If you have received the Astra Zeneca vaccine what should you watch for?

There is no cause for concern for anyone who was vaccinated with AstraZeneca more than 28 days ago.
Anyone vaccinated with AstraZeneca less than 28 days ago should monitor for specific symptoms, and seek immediate medical attention in the unlikely event that any arise. Symptoms include:

  • shortness of breath
  • chest pain
  • leg swelling
  • persistent abdominal pain
  • sudden onset of severe or persistent worsening headaches or blurred vision
  • skin bruising (other than at the site of vaccination)
  • seizures

In the rare cases where blood clots have developed, it has been within 28 days of the vaccine. It's important to note that the risk of serious, adverse reactions such as blood clots is extremely low.

If I received my first dose of the AstraZeneca vaccine, will I get AstraZeneca for my second dose or another COVID-19 vaccine?

AstraZeneca is no longer available in Saskatchewan as of April 30, 2022 as provincial supply was exhausted.

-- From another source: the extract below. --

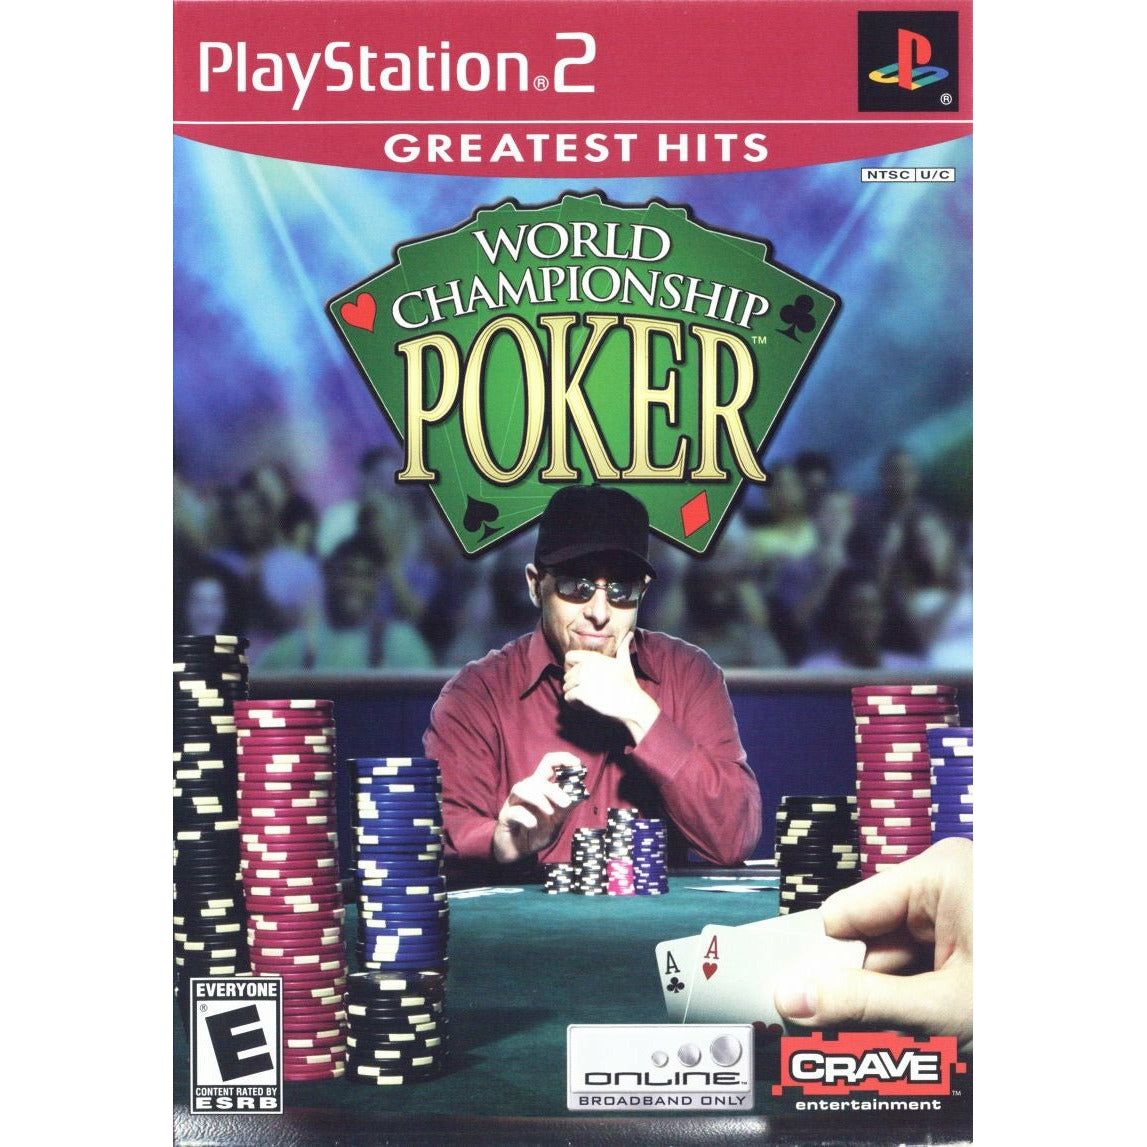 PS2 - World Championship Poker (Greatest Hits)

Booster doses do not need to match your previous two dose COVID-19 vaccinations. If you received two doses of AstraZeneca, it is recommended and safe to receive an mRNA vaccine booster immunization.  If you are contraindicated for an mRNA vaccine, speak to your primary care provider about the protein-based vaccines that are available.

AstraZeneca guidance keeps changing. How do I know if this vaccine is safe?

  • Once a vaccine has been reviewed and approved by Health Canada, it is considered safe and effective for use. Canada has a comprehensive vaccine safety monitoring system to alert public health to changing trends or serious, unexpected or unusual adverse events. These alerts trigger expert medical reviews to identify any safety concerns and respond to these quickly and appropriately. This is an essential part of the Government of Canada's ongoing robust vaccine safety monitoring to ensure the continued quality, safety and effectiveness of all vaccines and other health products that are in use in Canada.
  • The benefit of receiving any COVID-19 vaccine outweighs the risks of getting COVID-19 disease.